Listen Nora you have to do this for me. Let him take some pictures of you. Just this once to show the others it’s ok, I promise you it’ll be ok. She had moved into the kitchenette and was looking for a match to light the gas. He came over, dug one out of his pocket and lit the row
of hissing till they popped up blue, something invisible finding a form. He let her fill the kettle and put it on. Then he put himself against her back and leaned his face into her shoulder. His nose against the shoulder strap of her dress. Come out with me into the hall and meet him. Give him some of this tea. He’s a harmless man. He put his head up a bit and watched the blue flame gripping the kettle. He was exhausted. He couldn’t hustle for others, he didn’t know the needs of others. He was fond of them and wanted them happy and was willing to make them happy and was willing to hear their problems but no more. He didn’t know how people like Bellocq thought. He didn’t know how to put the pieces of him together. He was too shy to ask Bellocq why he wanted these pictures or what kind they would be. Three floors up on North Basin Street he was nuzzling this lady. That’s all he knew. His mind went blank against the flesh next to him.
What’s he got on you? Nothing.
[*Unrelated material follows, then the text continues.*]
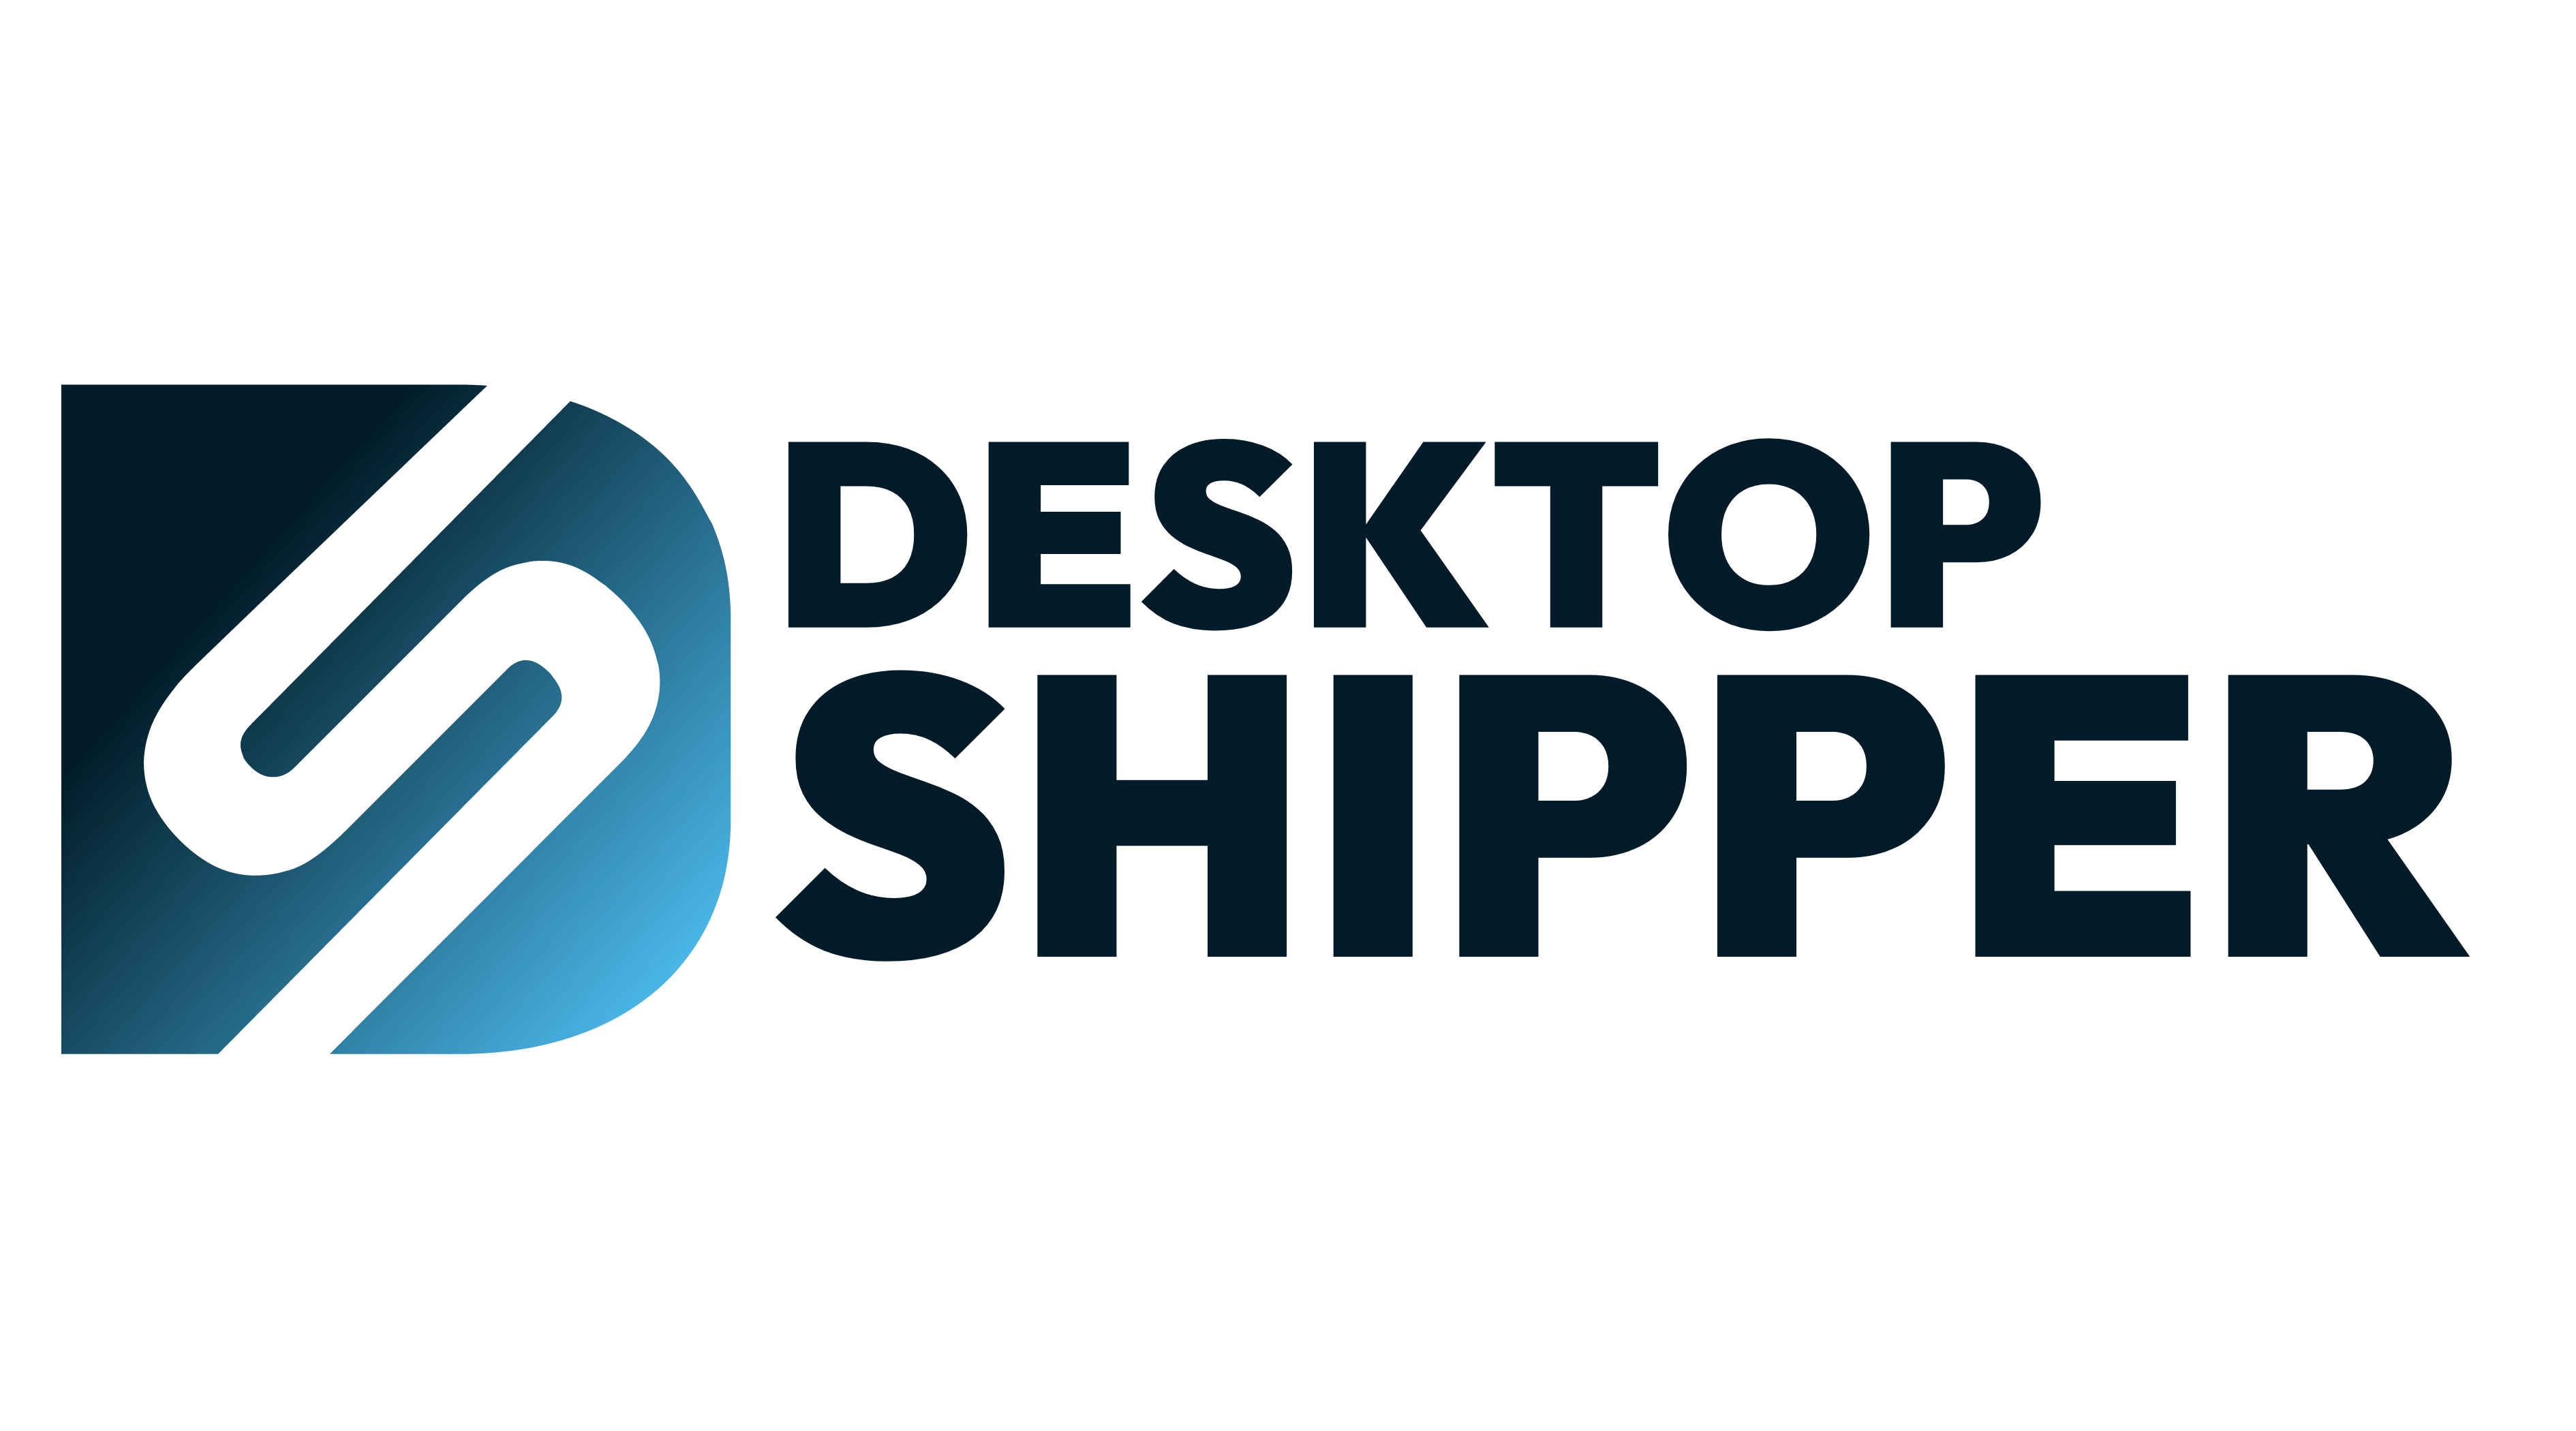 DesktopShipper Transparent Background Logo 2

He separated himself from her, picked up a knife and trapped against the small window of the kitchen, looking out. It was cold out, there was steam over the river. He had tried to get Bellocq to wear a coat when he had picked him up, but they had gone on, Bellocq cold and so trying to walk fast. He placed his palm against the glass and left the surface of his nerve pattern there. Rubbed it out. Turning he walked past her quickly through the door into the hall. As he was opening the door she said OK very fast. He turned and saw her leaning in the kitchen doorway with a cup in her hand. Then he opened the door to the stairs.
And then running down the stairs fast, almost crying, down two flights before he saw the figure in the main hall standing against the wallpaper looking up at him—the face pale and embarrassed. He must have heard them laughing in there, must have sat there for ten minutes and taken more than five minutes to walk down.